Sviluppo di metriche per il supporto dell'analisi semantica diacronica

Diachrony is the study of linguistic phenomena as they change over a period of time, so it is the complex of changes in a language or a linguistic element. The goal of this project is to perform a diachronic study on the Italian language, with Natural Language Processing, and use the results to obtain a value of recentness for words and possibly for an entire document. The fundamental support of this project was the Google Trends PyTrends library that allows, through its interface, to take advantage of the data collected from the Google Trends site. The data that can be obtained, allow to know the frequency of search on the web search engines of a specific word or phrase. In order to proceed, we chose some topics and, using a Python library, we searched them on Wikipedia. These searches have produced, for each topic, a document that will be the starting point of the following steps. On each document a textual processing phase was carried out, in which automatic word processing processes are applied, in particular grammatical and lexical analysis and some textual information extraction processes including Named Entity Recognition. This was possible thanks to the NLTK and SpaCy libraries, thus obtaining the most interesting words for the study. The words that passed this phase, were then searched on Google Trends to obtain data of their search frequency. This data was then processed in order to associate a recentness value to the words. Afterwards, based on the results obtained for all the words in the document, a recentness value for the topic can then be extracted. The results of the various topics can then be used for analysis and automatic recommendation systems based on recentness, both to provide suggestions for the most recent and the least searched.

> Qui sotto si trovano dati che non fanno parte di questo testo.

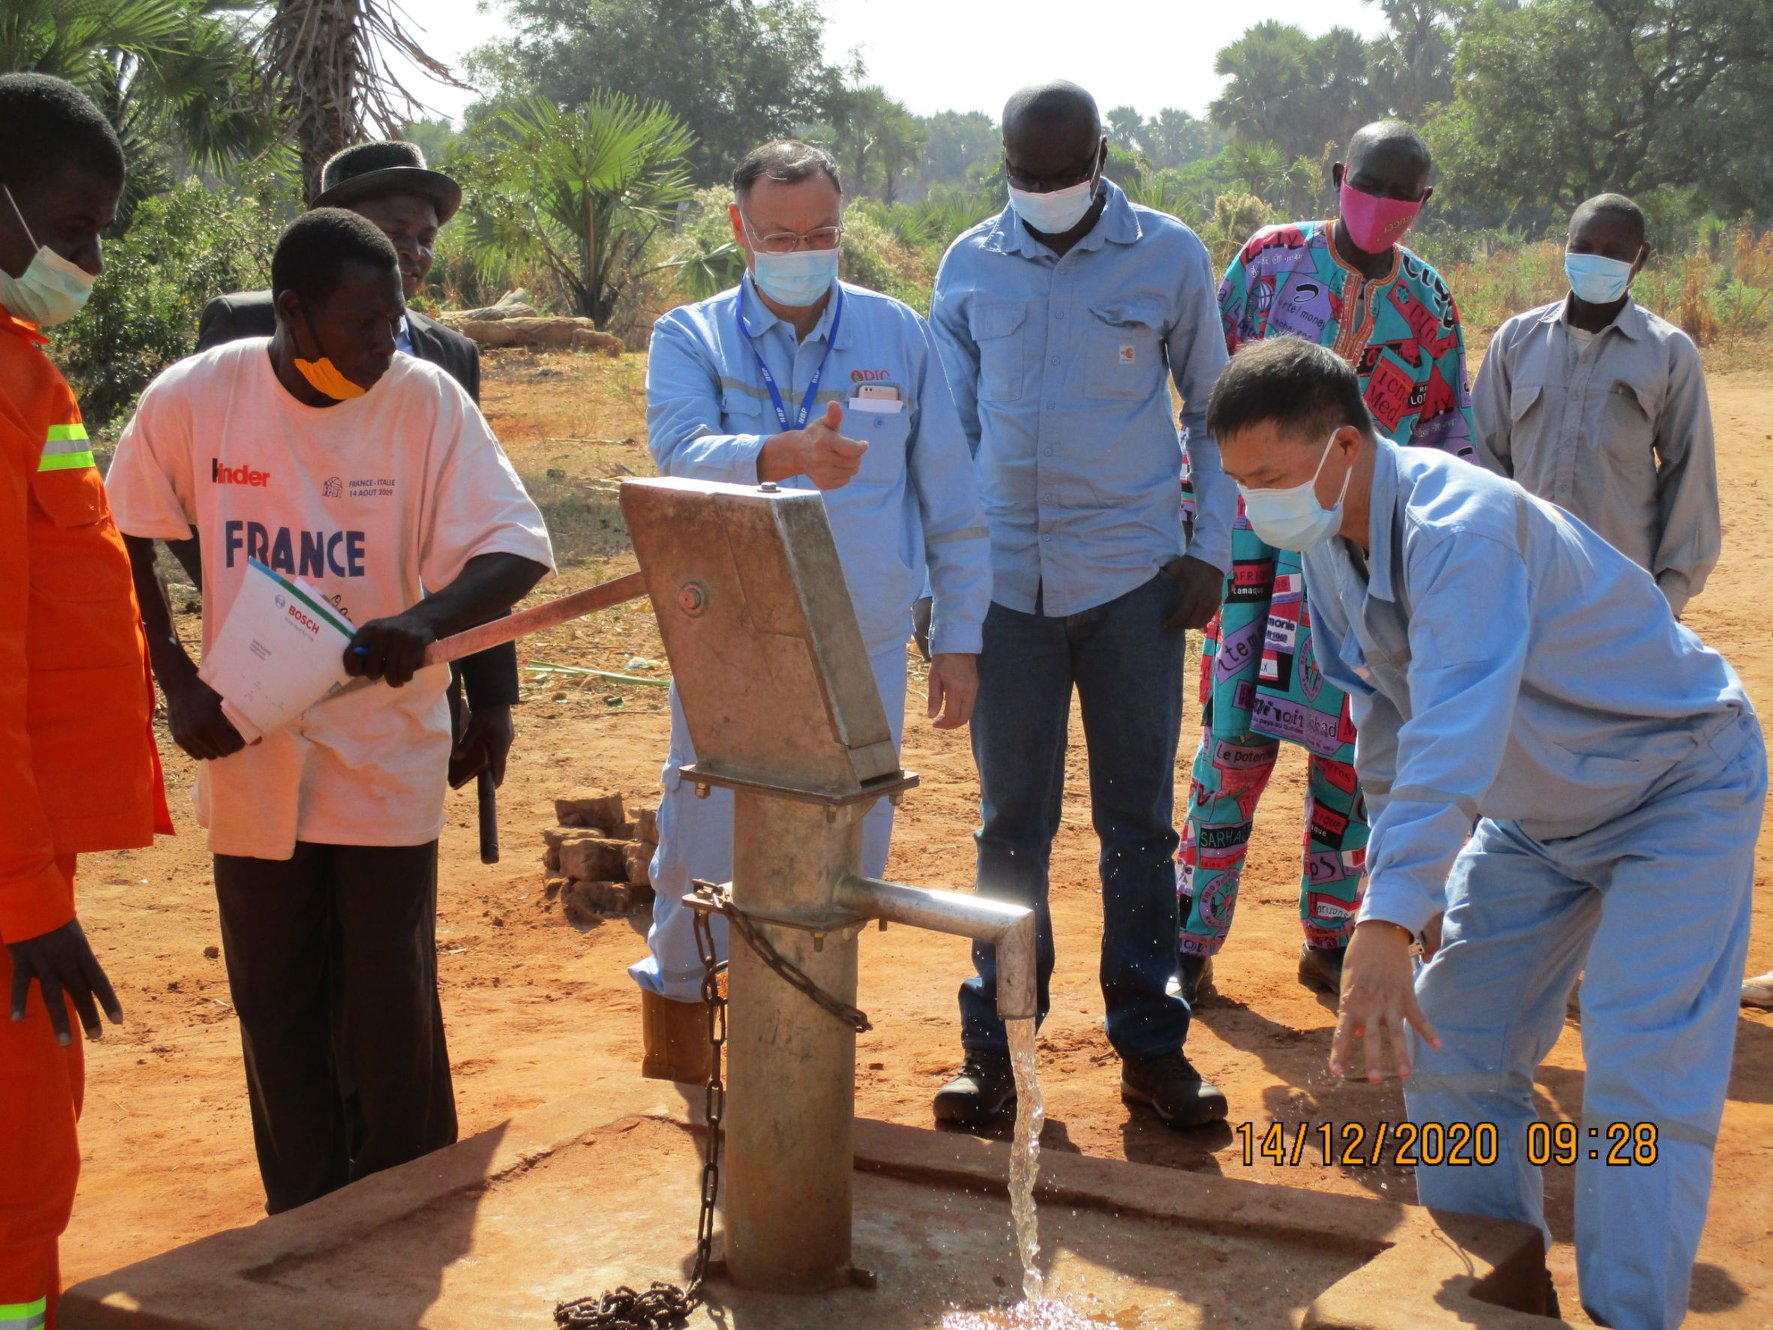 台灣中油響應查德推動企業辦理建置學校教室、捐贈水井計畫
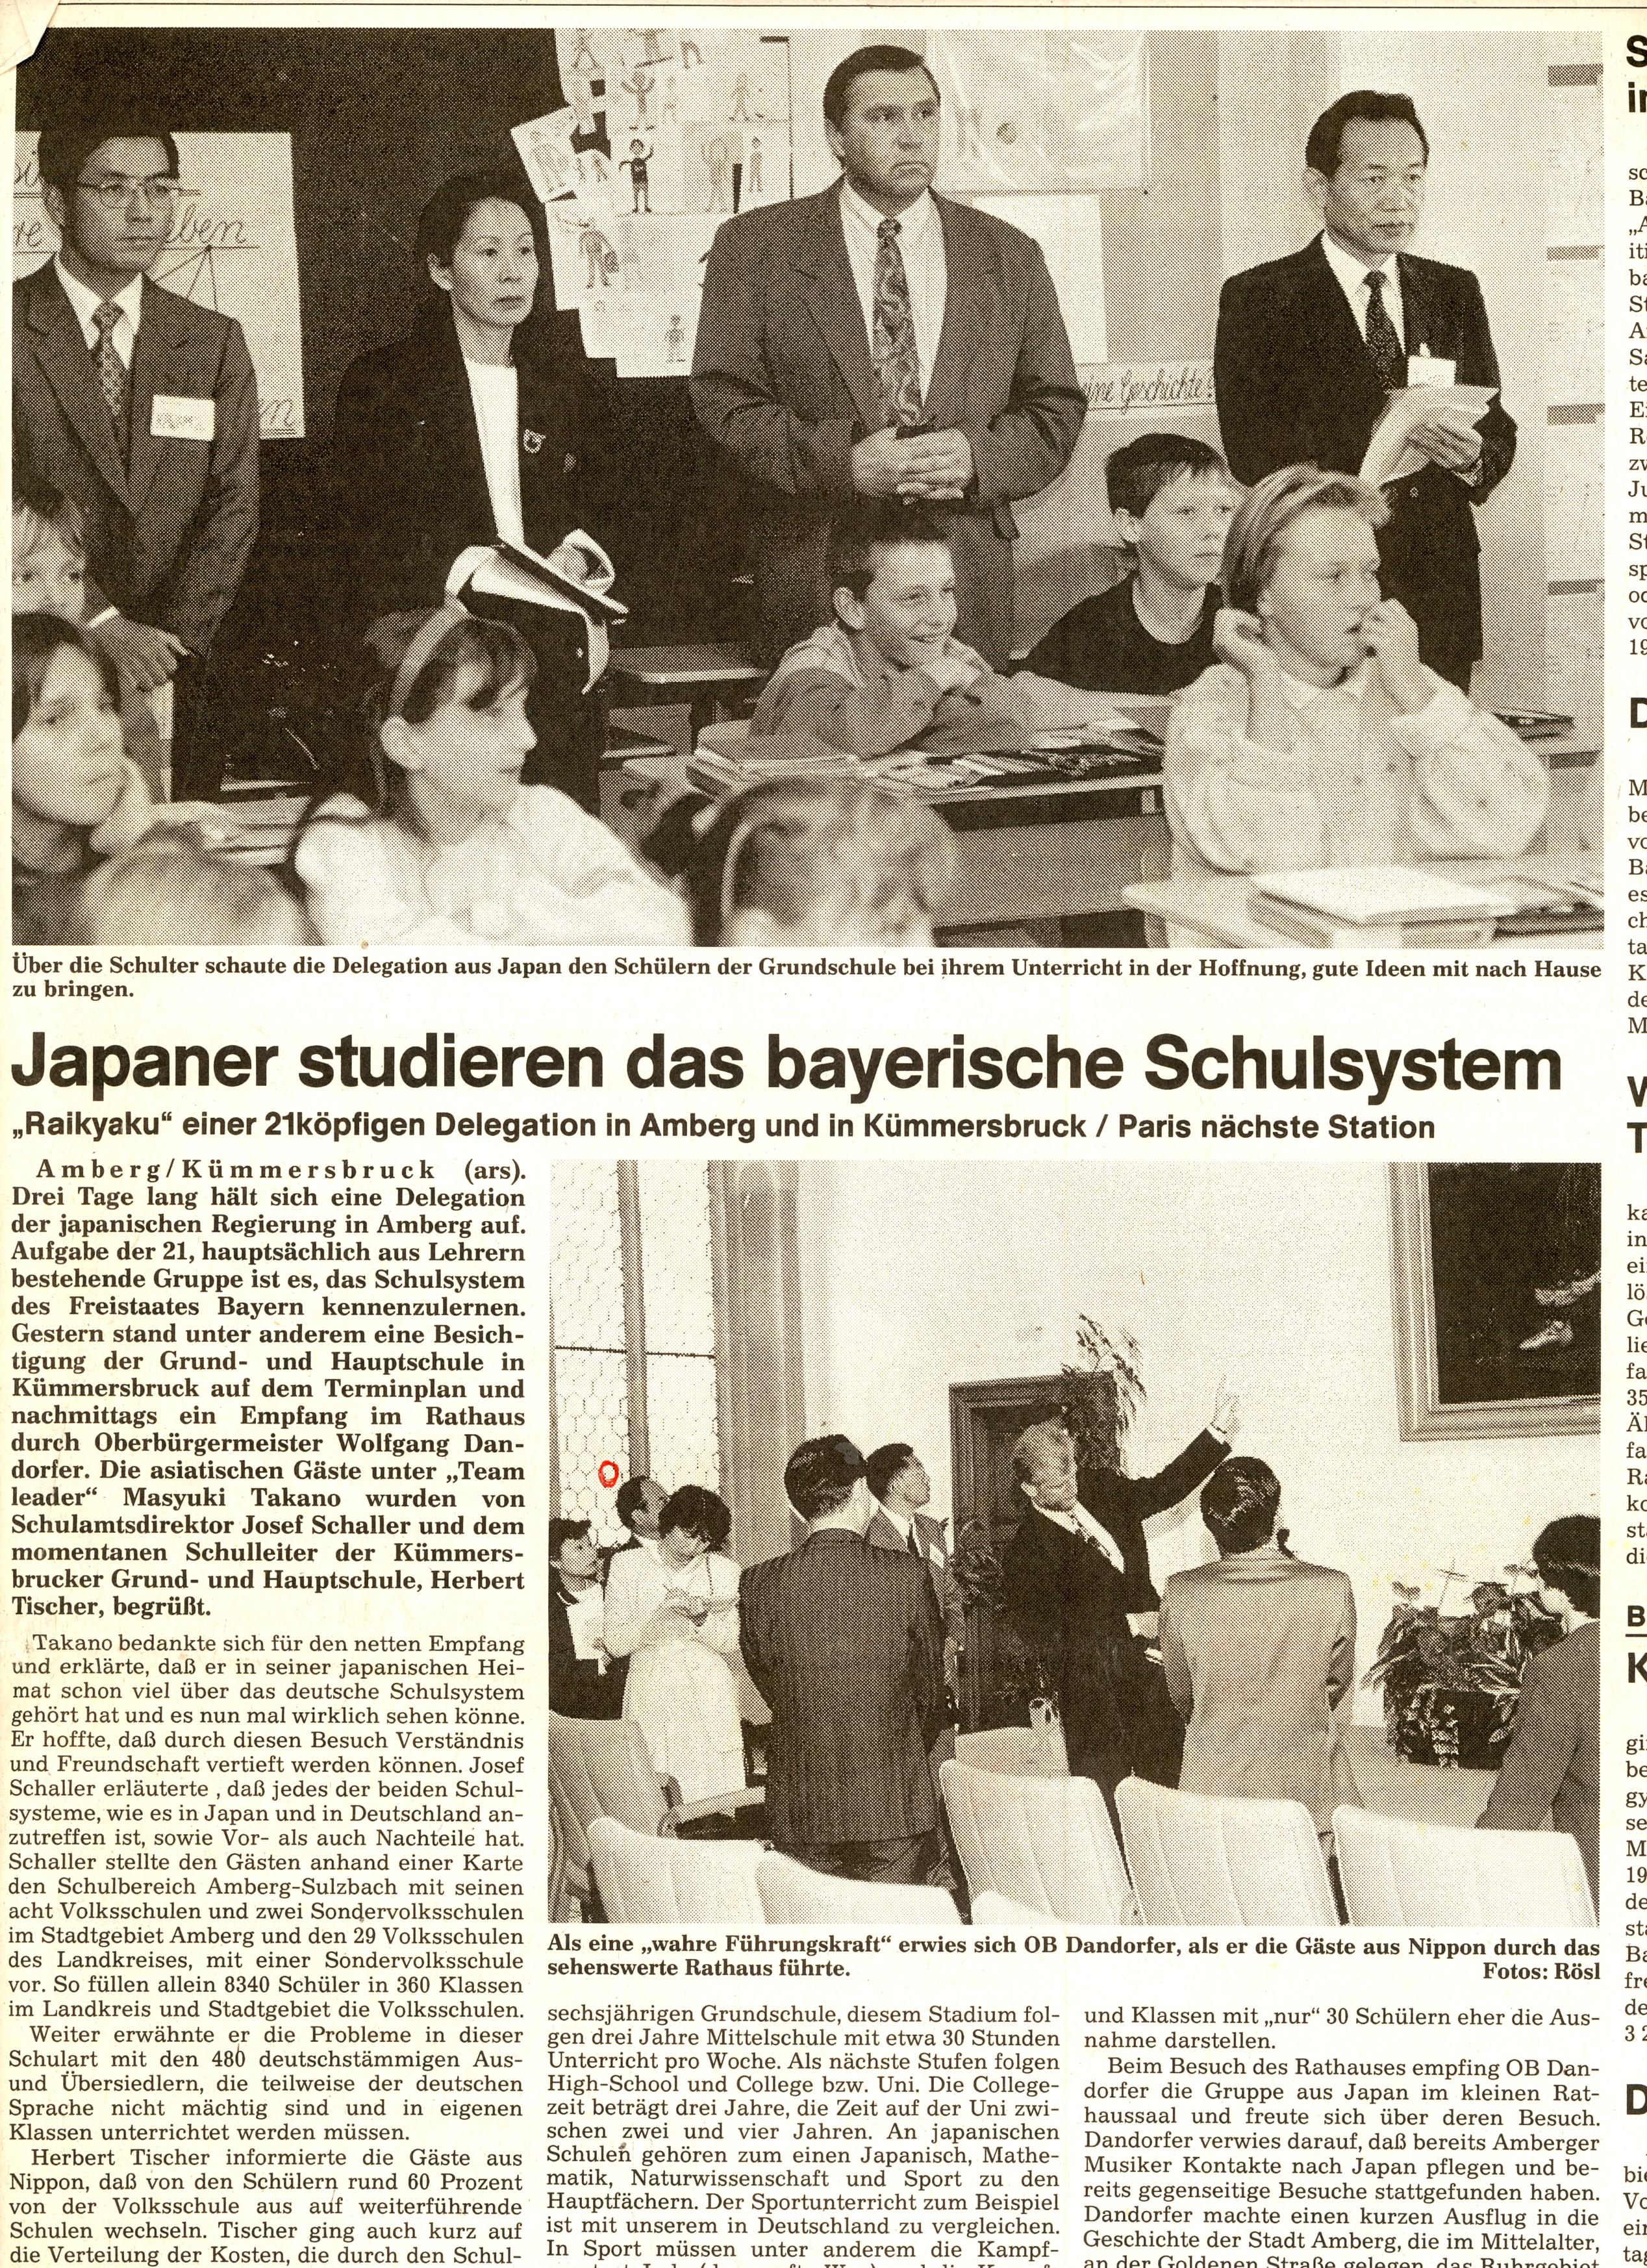 ドイツ・アンベルク市教育施設見学 'AMBERGER VOLKSBATT'紙1993年9月30日付

La diacronia, è lo studio dei fenomeni linguistici nel loro sviluppo nel tempo, quindi è il complesso dei mutamenti di una lingua o di un elemento linguistico. L'obiettivo di questo progetto è di effettuare uno studio diacronico sulla lingua italiana, con il Natural Language Processing, e utilizzare i risultati per poter ottenere un valore di recentezza per le parole ed eventualmente per un intero documento. Il supporto fondamentale di questo progetto è stata la libreria di Google Trends PyTrends che permette, tramite la sua interfaccia, di usufruire dei dati raccolti dal sito di Google Trends. I dati che si possono ottenere, consentono di conoscere la frequenza di ricerca sui motori di ricerca del web di una determinata parola o frase. Per poter procedere, abbiamo scelto alcuni argomenti e, mediante una libreria di Python ne abbiamo effettuato la ricerca su Wikipedia. Tali ricerche hanno prodotto, per ciascun argomento, un documento che sarà il punto di partenza delle fasi successive. Su ciascun documento è stata svolta una fase di elaborazione testuale, in cui vengono applicati processi di trattamento automatico delle parole, in particolare l'analisi grammaticale, lessicale e alcuni processi di estrazione di informazioni testuali tra cui la Named Entity Recognition. Questo è stato possibile grazie alle librerie NLTK e SpaCy, ottenendo così le parole più interessanti per lo studio. Le parole che hanno superato questa fase, sono state successivamente cercate su Google Trends per ottenere i dati della loro frequenza di ricerca. Questi dati, sono stati poi elaborati per poter associare un valore di recentezza alle parole. Successivamente, sulla base dei risultati ottenuti per tutte le parole del documento, si potrà quindi estrarre un valore di recentezza per l'argomento. I risultati dei vari argomenti potranno essere utilizzati per analisi e sistemi di raccomandazione automatica basati sulla recentezza, sia per fornire suggerimenti riguardo i più recenti che per i meno ricercati.